## The records:
-----

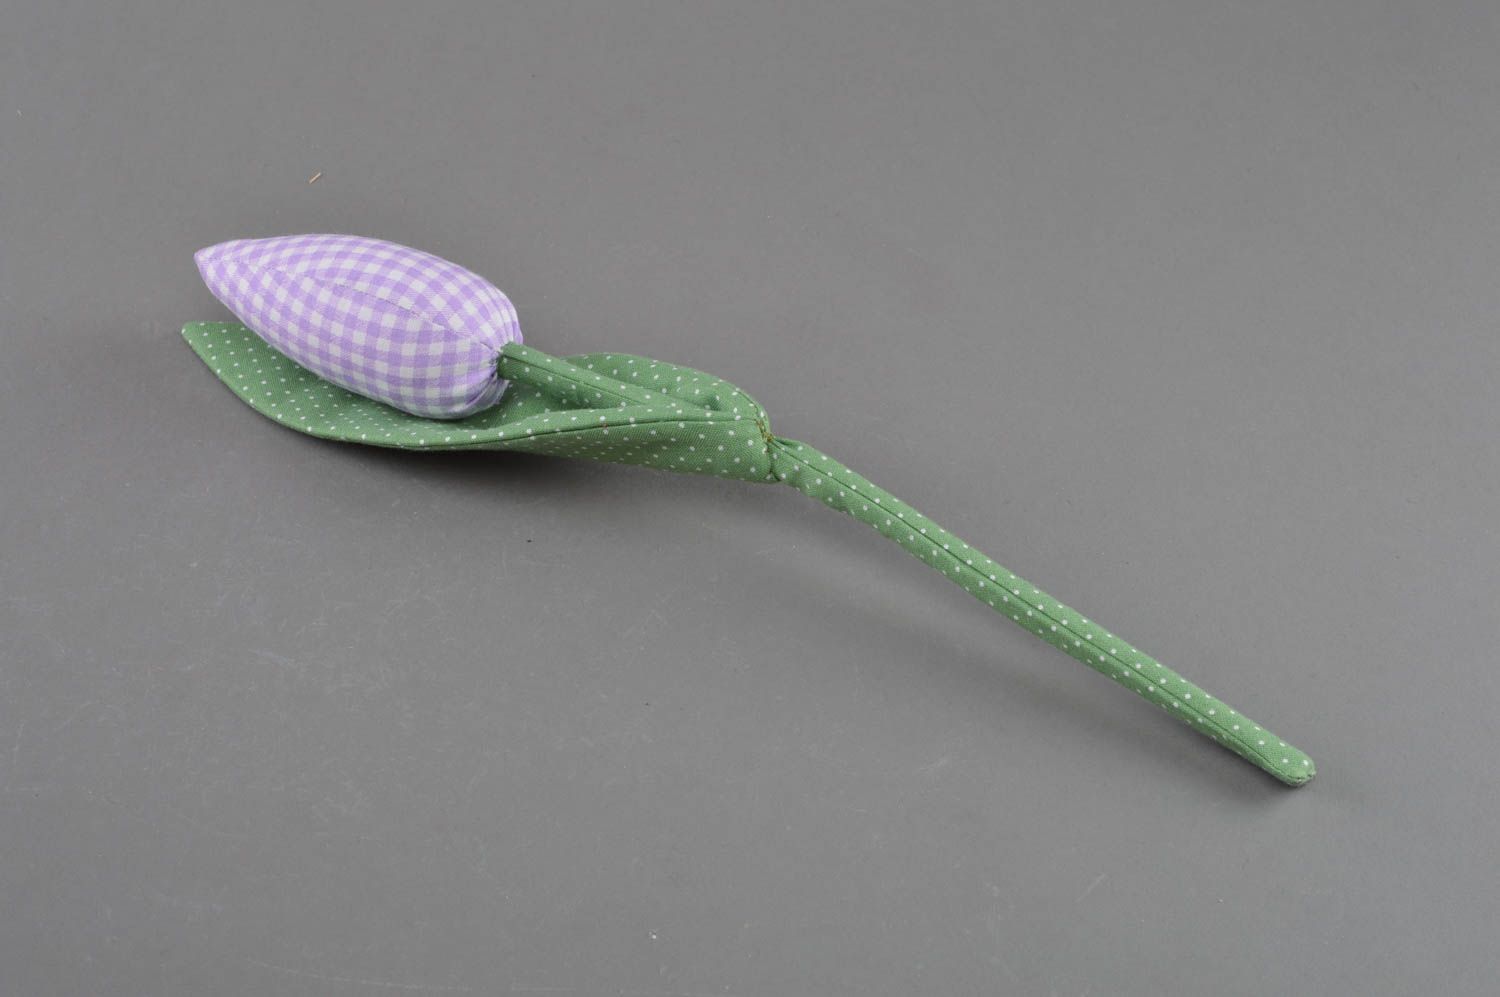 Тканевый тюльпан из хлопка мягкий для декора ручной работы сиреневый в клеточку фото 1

-----

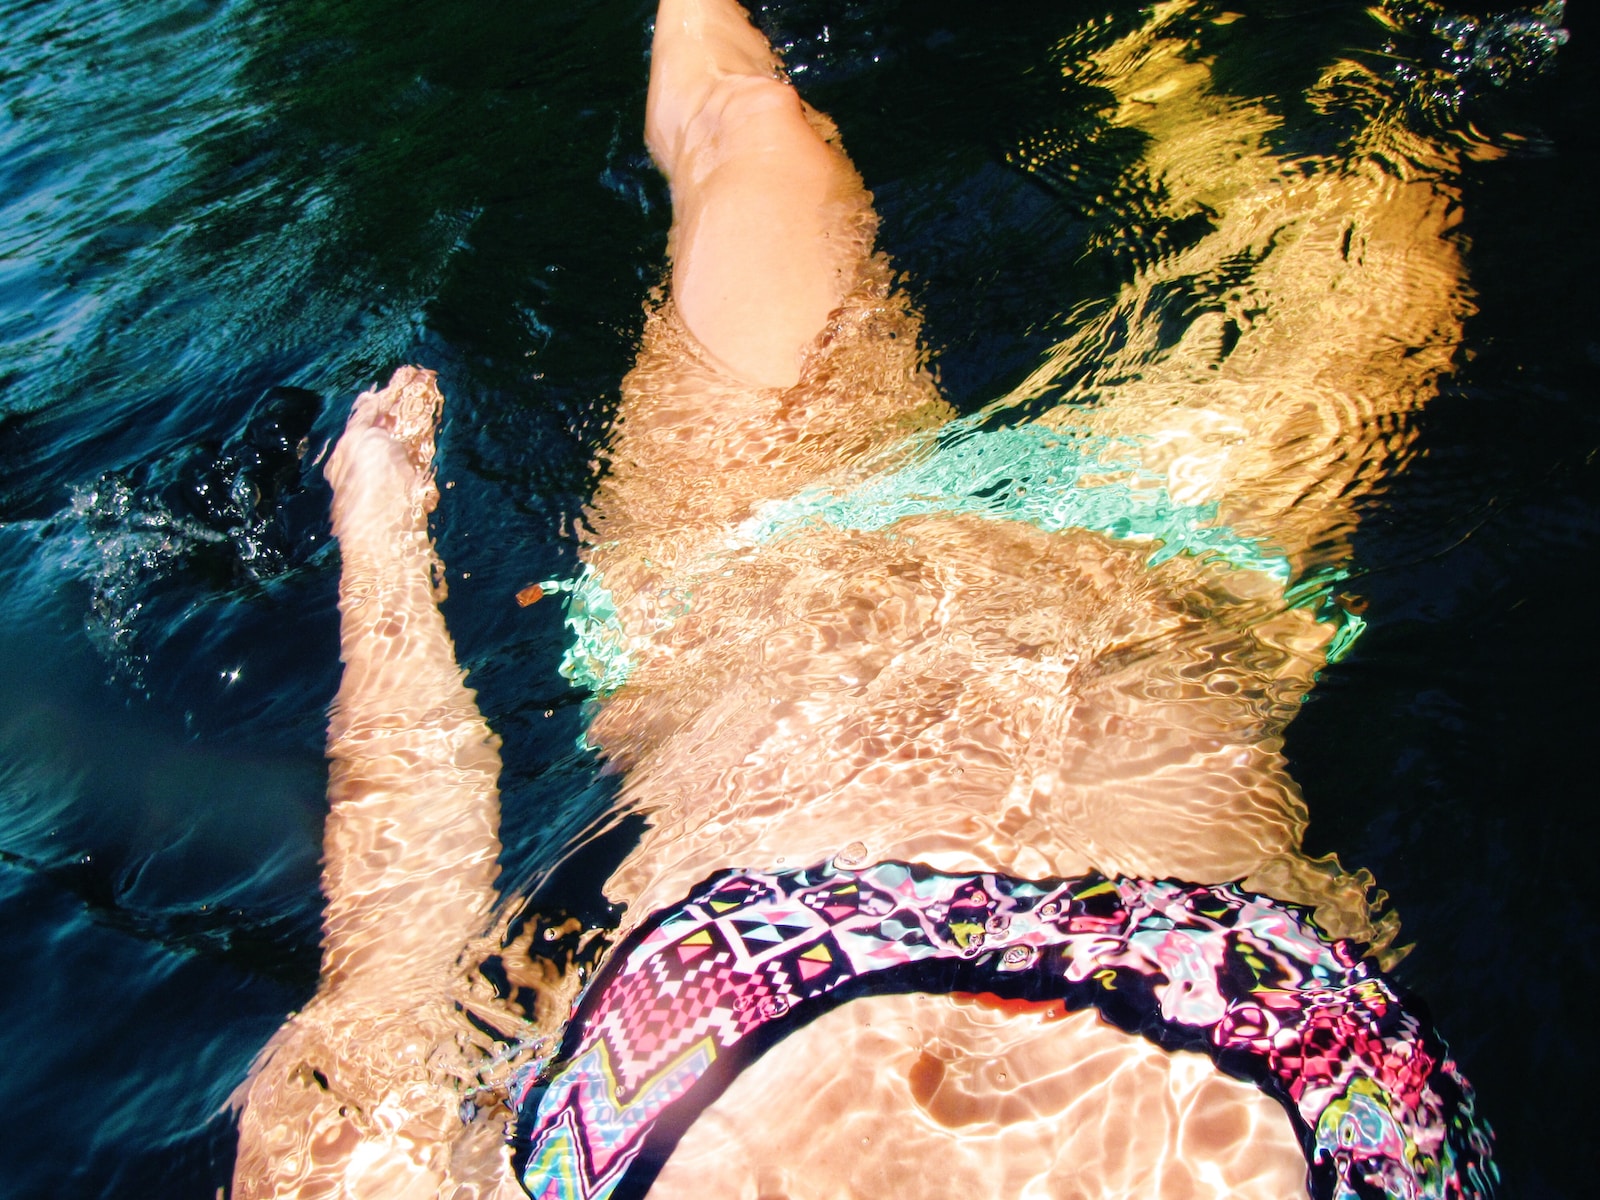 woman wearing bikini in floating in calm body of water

-----

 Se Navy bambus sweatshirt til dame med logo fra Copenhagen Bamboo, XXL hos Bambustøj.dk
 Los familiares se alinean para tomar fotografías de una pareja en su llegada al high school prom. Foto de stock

-----

## What is expected:
Of the lines above, output exactly those from the line bearing "Se Navy bambus" through the line bearing "Los familiares se", inclusive.

## Output for this task:
 Se Navy bambus sweatshirt til dame med logo fra Copenhagen Bamboo, XXL hos Bambustøj.dk
 Los familiares se alinean para tomar fotografías de una pareja en su llegada al high school prom. Foto de stock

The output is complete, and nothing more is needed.